И шлепал меня иногда больно.
Кто тут был мой хозяин и что значит это слово «хозяин»?.. Сперва я думал, что мой хозяин — Прасковья, потом думал, что хозяин — Катя, потом, что Ваня… Может быть, хозяином называется тот, кто чаще бьет?.. Ваня часто жаловался, что его побил хозяин…
Всех больше я боялся барыни, Митиной матери. Как только я попаду в комнаты, так она кричит:
— Уберите! Псиной пахнет!.. Блох напустит!..
Я пробовал приласкаться к барыне, возьму и лягу, бывало, ей на платье, когда она сидит в кресле. Ничего не выходило.
— Это что за новости? — крикнет барыня. — Вон!.. Нежности какие!.. — и подберет платье.
Она думала, что мне хочется полежать на мягком, а между тем я просто хотел ей показать, что хочу быть с ней дружным и не сержусь на ее оскорбительные замечания.

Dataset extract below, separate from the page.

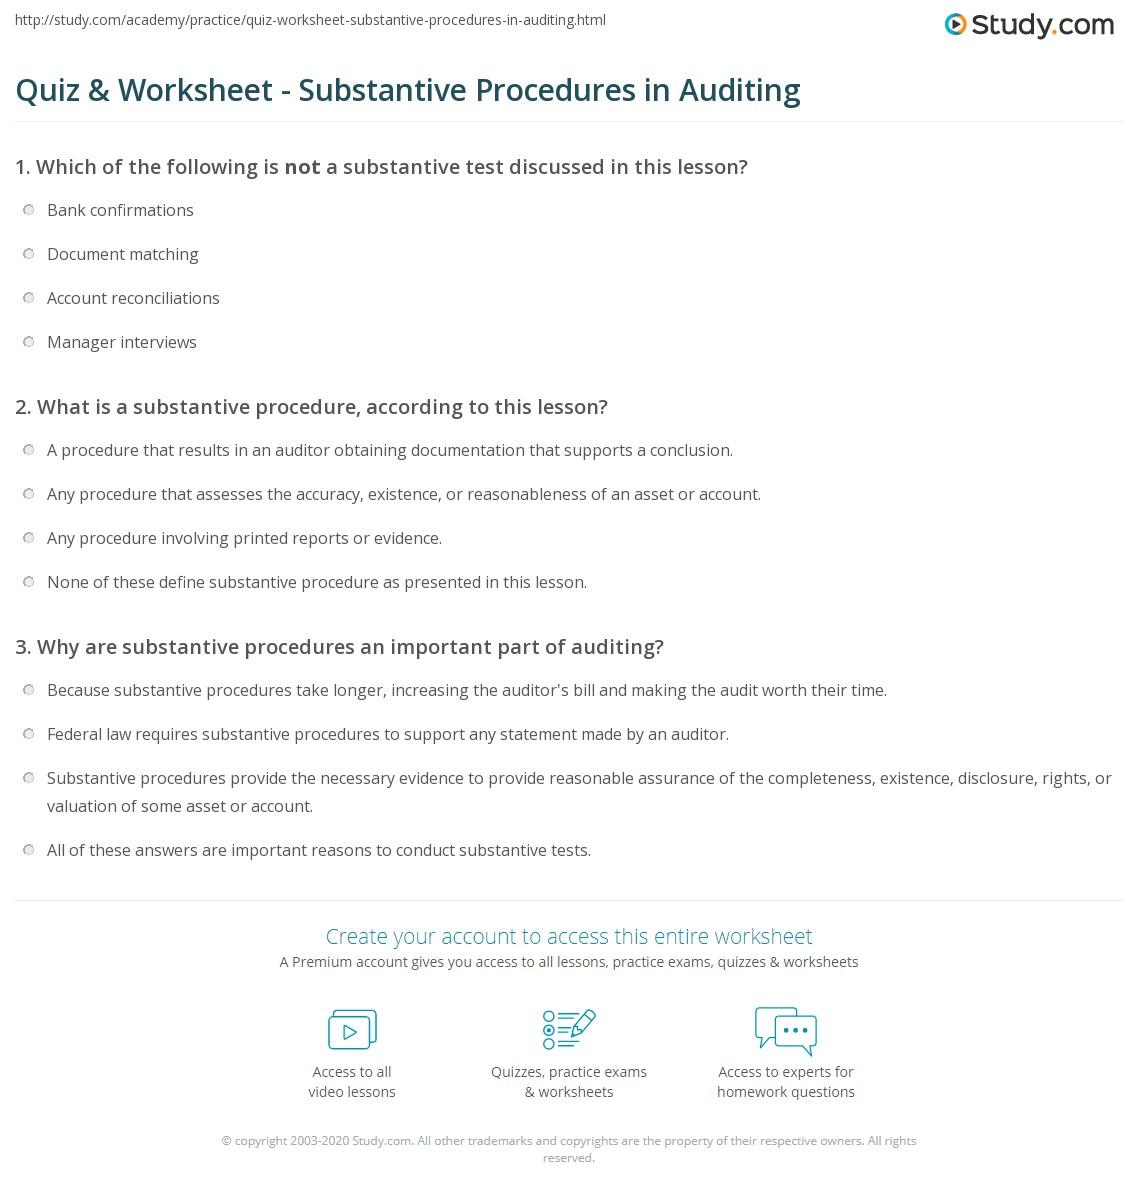 Substantive Procedures In Auditing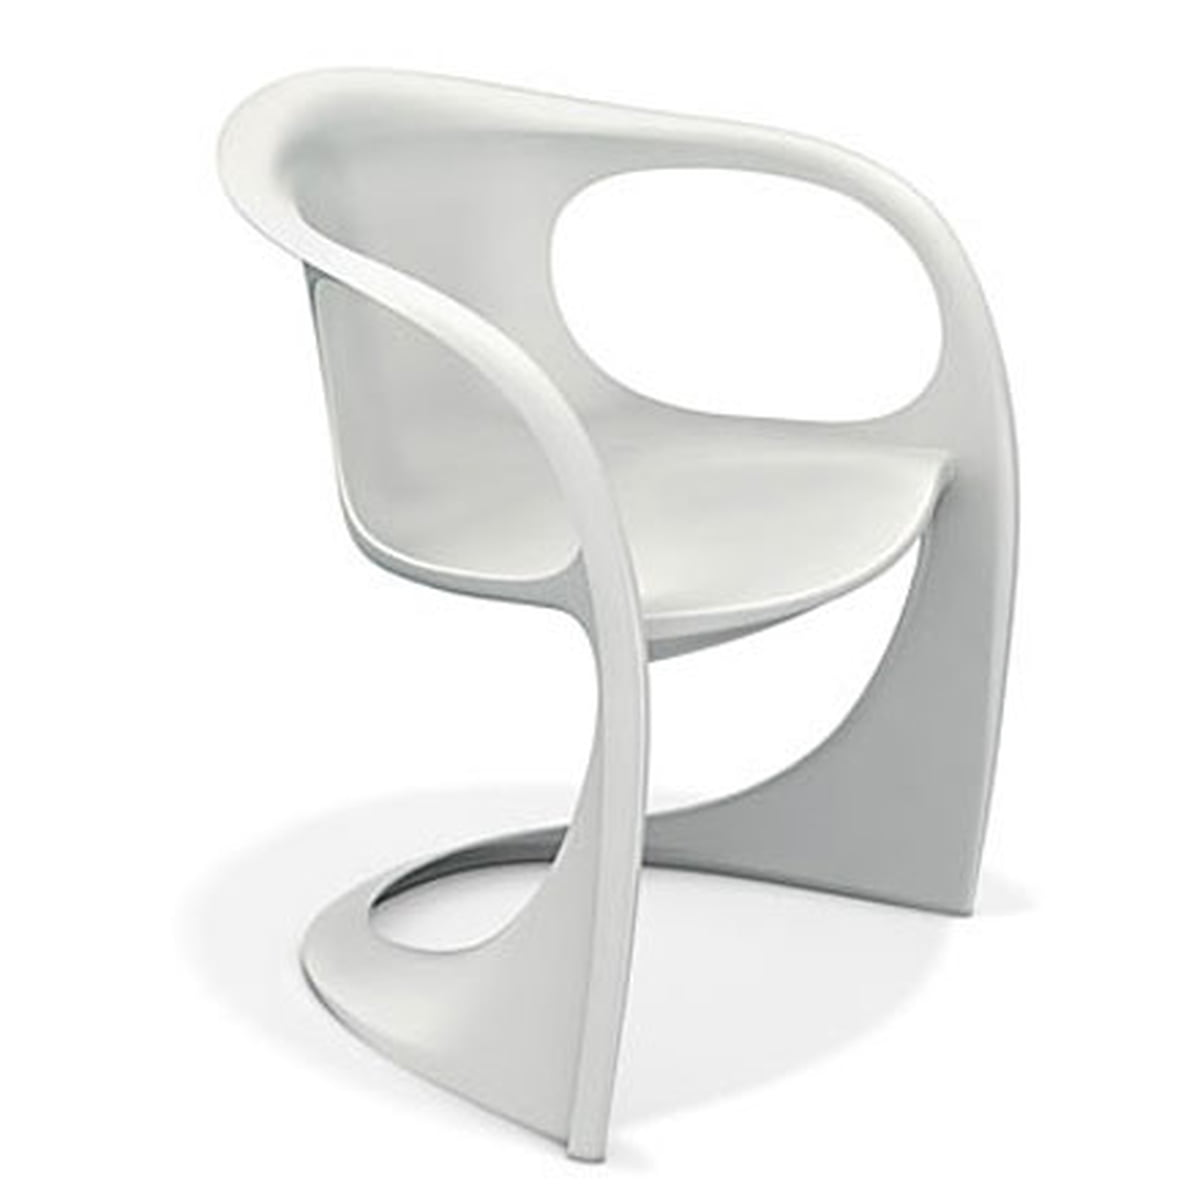 casalino 2007 10 armlehnstuhl casala shop. Black Bedroom Furniture Sets. Home Design Ideas

Наши отношения с Бобиком обострялись все более и более. Эта маленькая собачка носила в своей душе столько злости, сколько хватило бы на три больших собаки. От злости с Бобиком иногда делалась истерика: визжит, лает, кидается, а потом начнет кувыркаться. И что обидно, так это то, что в столкновениях с Бобиком всегда я оставался виноватым. Я ем себе из блюдечка то, что мне дали, подойдет Бобик и начинает тоже есть; ему не хочется, но обидно, почему это ест не он, а я… Ну пусть его ест! Я отодвинусь и продолжаю кушать. Так нет, возьмет и начнет меня отгонять, скалит зубы, тычет меня мордой… Согласитесь, что это обидно и несправедливо. Раньше я смирялся, но когда подрос и почувствовал, что достаточно силен, я перестал спускать ему: он огрызается, огрызаюсь и я; он меня ткнет, ткну и я… И потом пойдет потасовка… Люди начнут нас разнимать и судить, кто виноват… Ох уж этот суд!.. Никакой справедливости! Бобик живет в комнатах, у Бобика очень мягкая белая шерсть, Бобика моют в тазу, Бобик спит на диване, и поэтому я всегда виноват… я — невежа, я — груб, я — грязен, я — глуп!.. Посадили бы Бобика за печку — посмотрел бы я, какой он был бы чистенький… Я не умею, что ли, спать на диване? Не умею стоять, когда моют? Не умею жить в комнатах?.. Попробуйте!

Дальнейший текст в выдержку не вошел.